“Hey, dude,” the dog says, looking concerned. “We need to talk.”
“Yeah? What’s up?”
“Look, it’s great that you’re transcribing the human puppy’s stories into Twitter and all, but I’m feeling left out. I’ve got my own Twitter account and all, but you hardly ever type any of my tweets any more. I have to do it myself, and it’s hard to be witty when you have to type with your nose.”
“I’m sorry. Is there something specific you’d like to tweet about?”
“Well, yeah,” she says, in a tone like I’ve said something stupid. “I mean, obviously, we have a new book about relativity. And look at this picture– we’re in a cool physics lab! I want to tweet about physics!”
“OK, we can do that. Anything specific you have in mind?”
“Ummmm… no.
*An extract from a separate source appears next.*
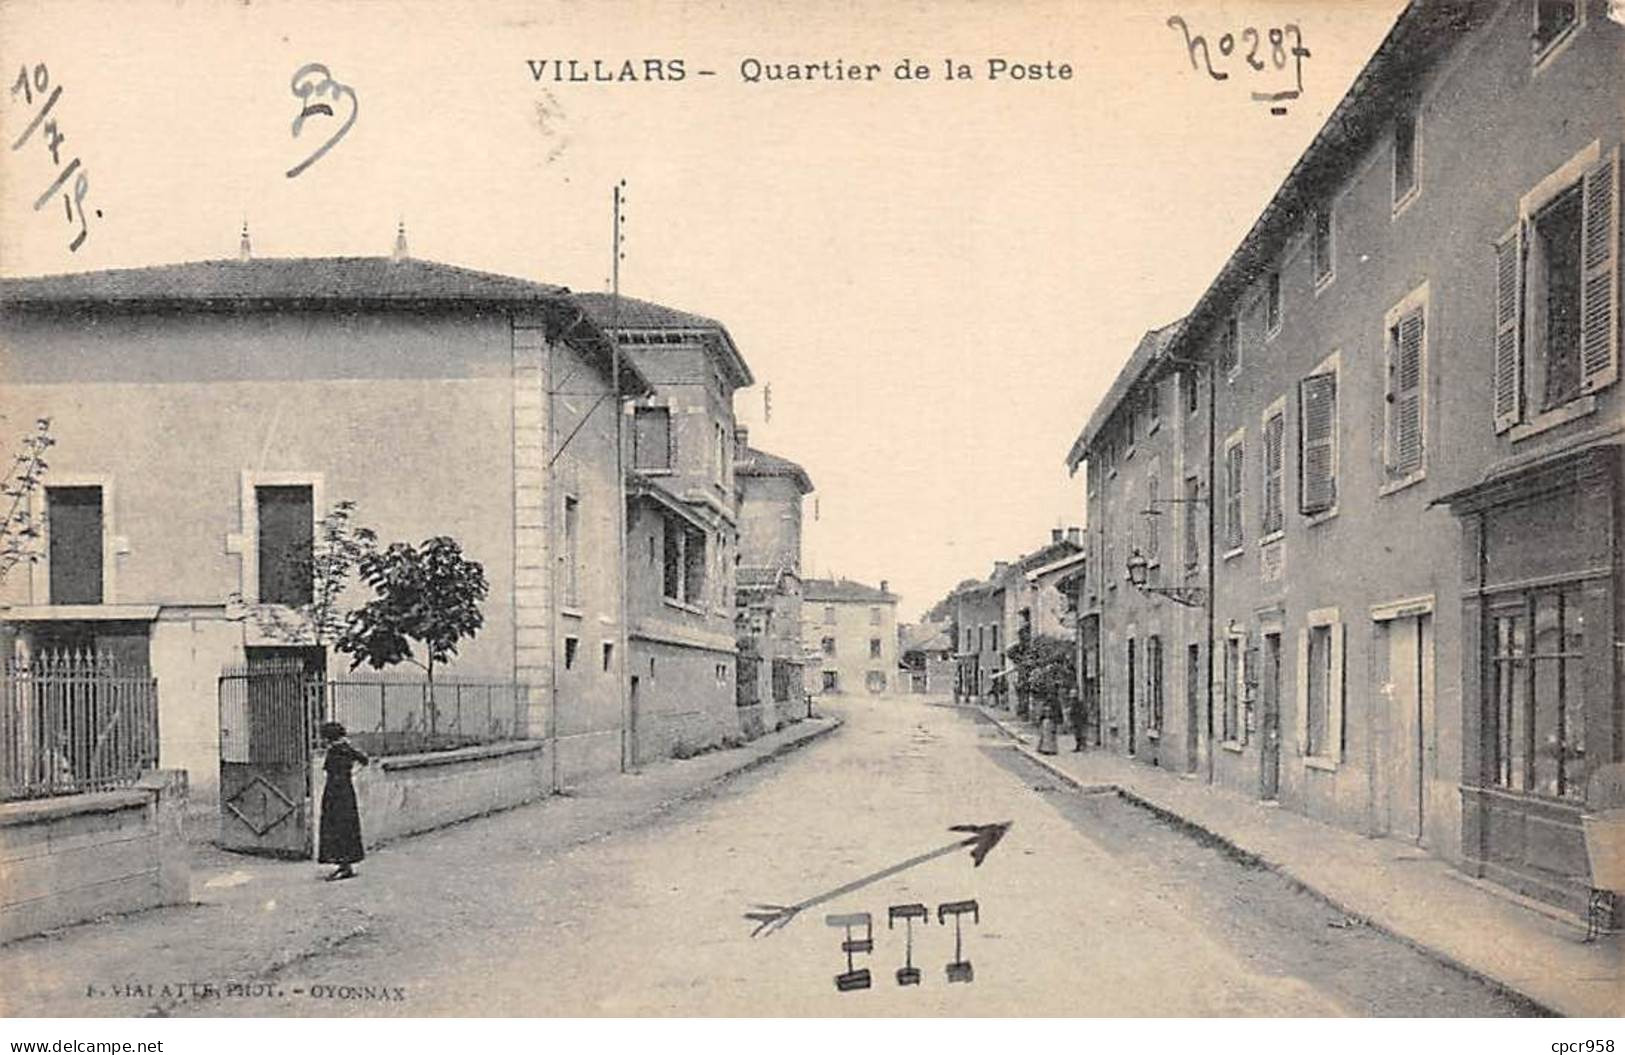 01 - VILLARS - SAN65110 - Quartier De La Poste - Villars-les-Dombes
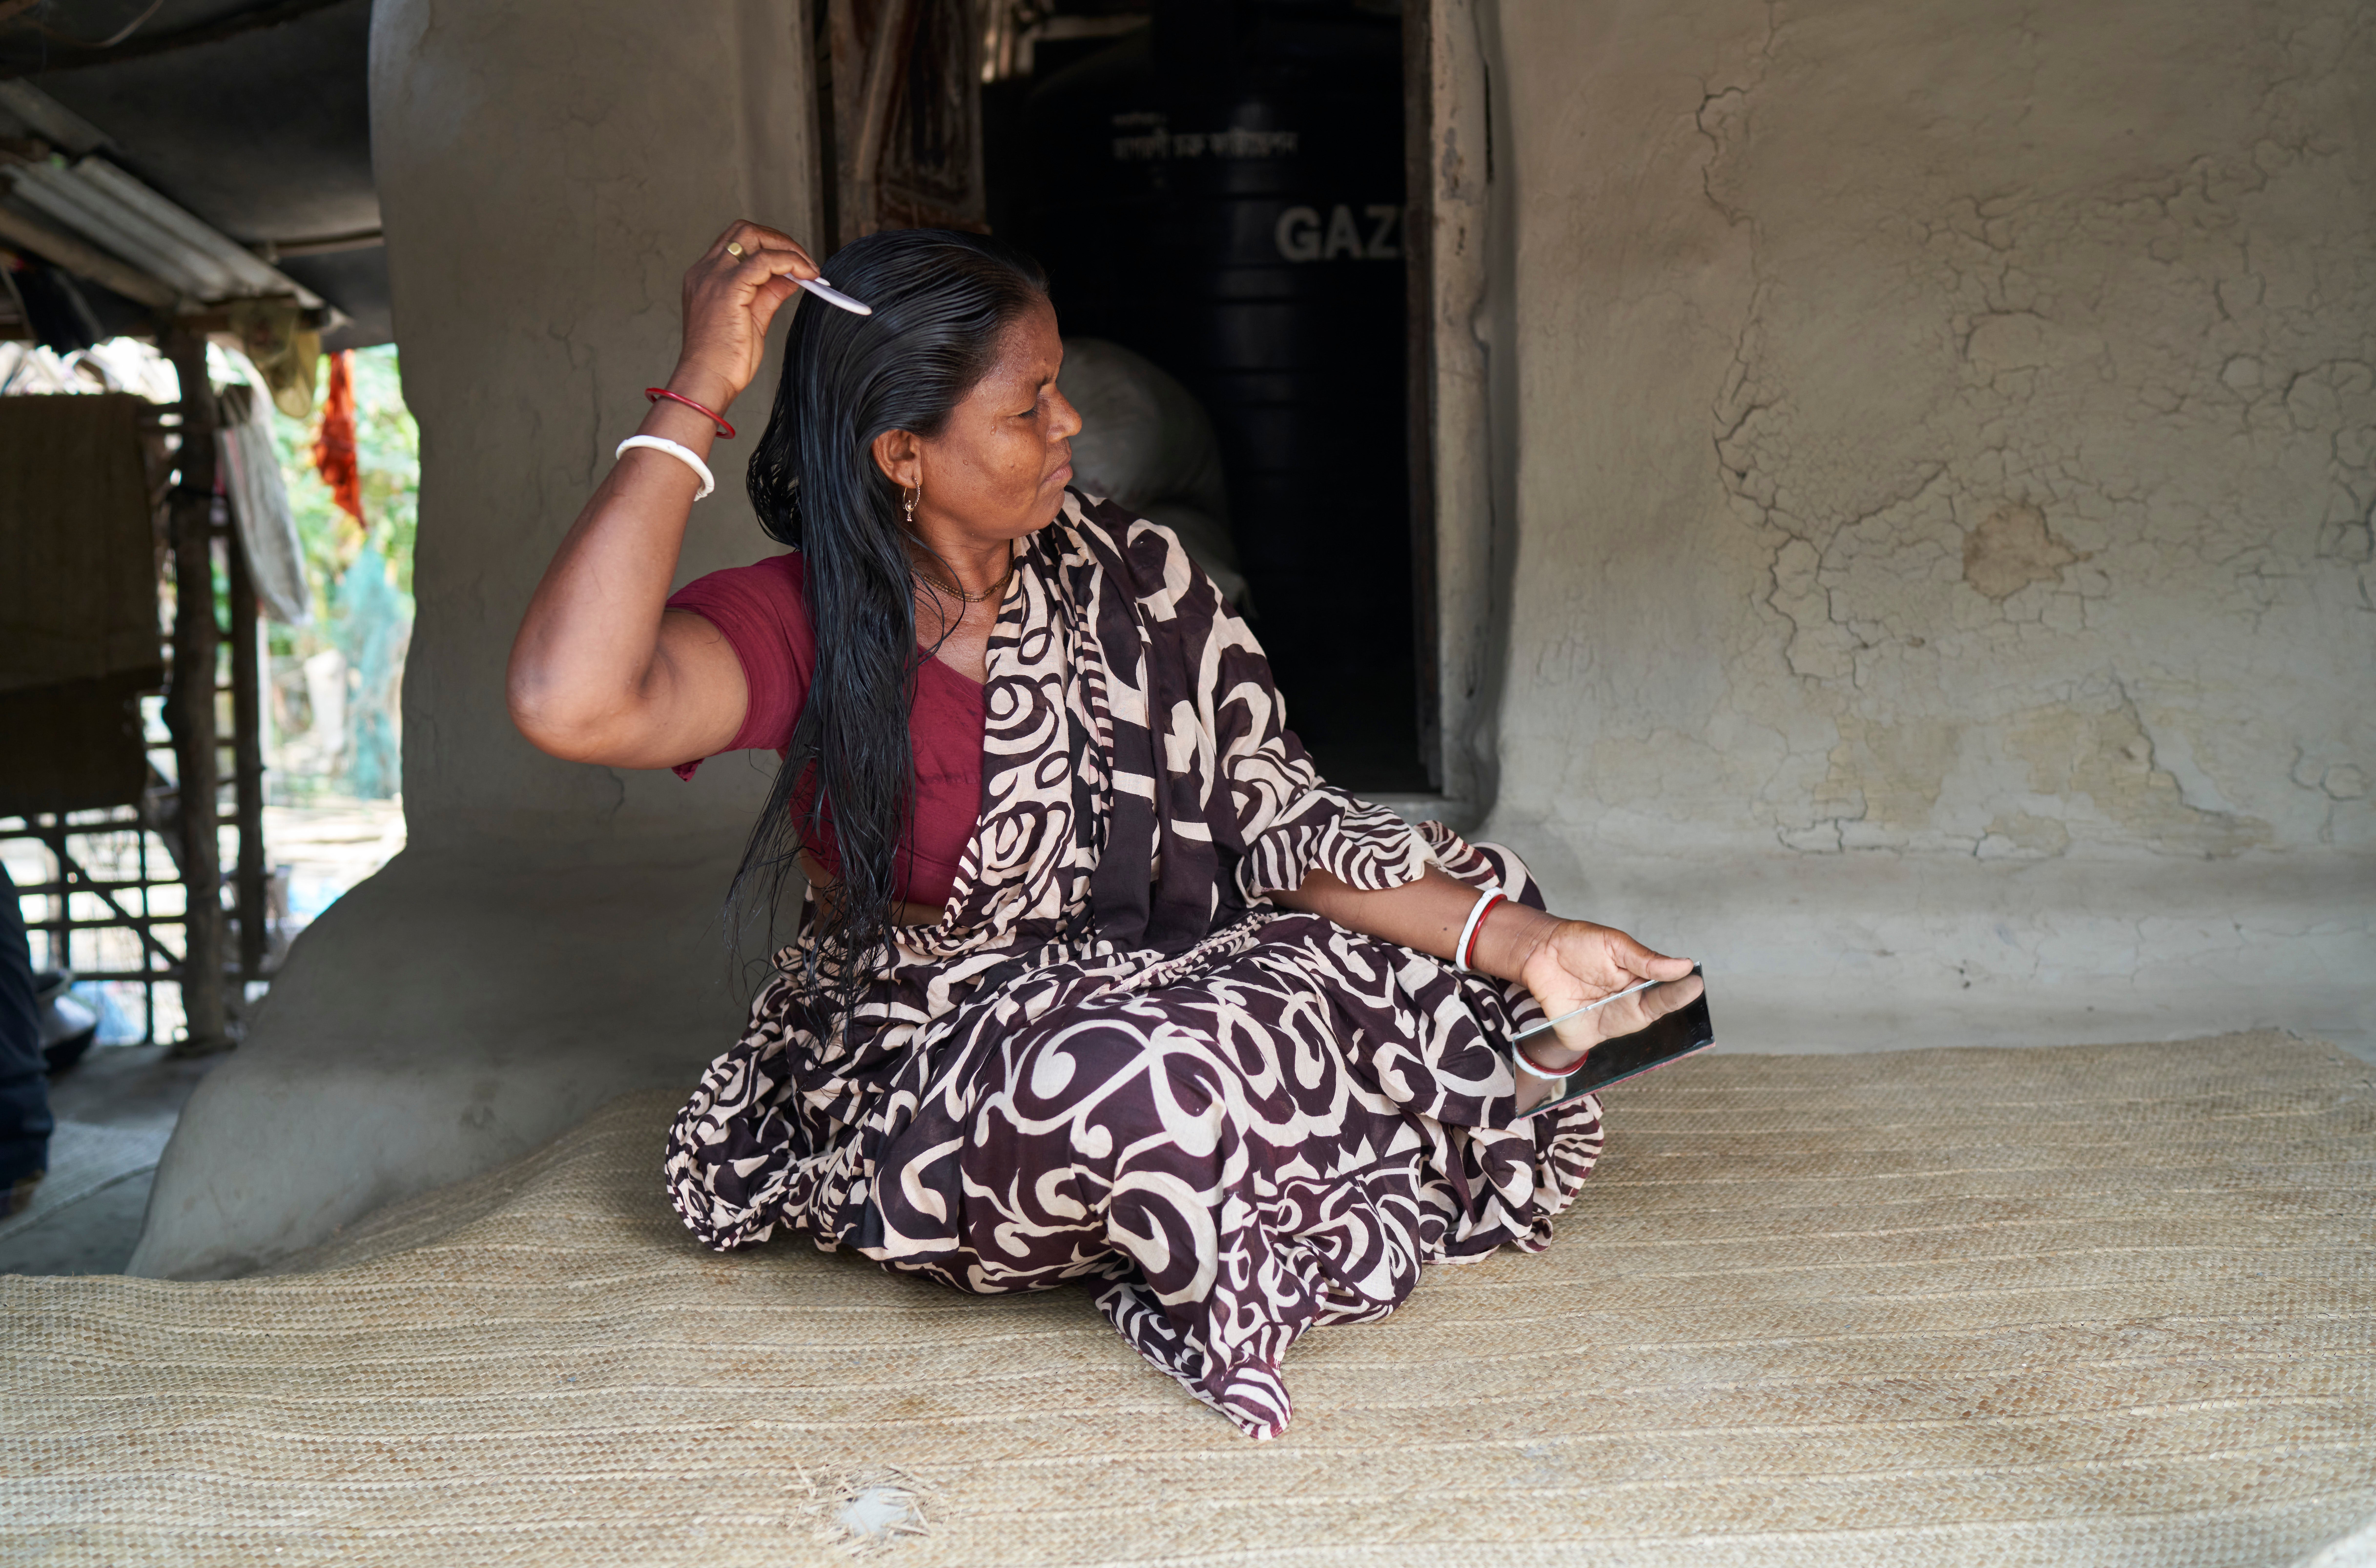 Shyamoli Munda brushing her hair, Bhetkali, Satkhira, Bangladesh

But I bet somebody else could come up with physics things for me to talk about, if you asked them…”
——
Which is how we got to here. So, here’s the deal: If you’re on Twitter, ask a physics question of Emmy using either her Twitter name (@queen_emmy) or the hashtag #dogphysics, and she’ll answer. Ever wondered how a dog would explain general relativity? The second law of thermodynamics? Why cats land on their feet, even when you chase them off a high place really fast? Ask your question, and I’ll give you her response.
(This ought to be good for a few hours of procrastinatory activity, at least…)
Is she actually ON THE OPTICAL TABLE?!?
She’s on the optical table, but in a part where there aren’t any optics (next to the Zeeman slower). The nearest mirror is probably a meter away, on the other side of some electronics.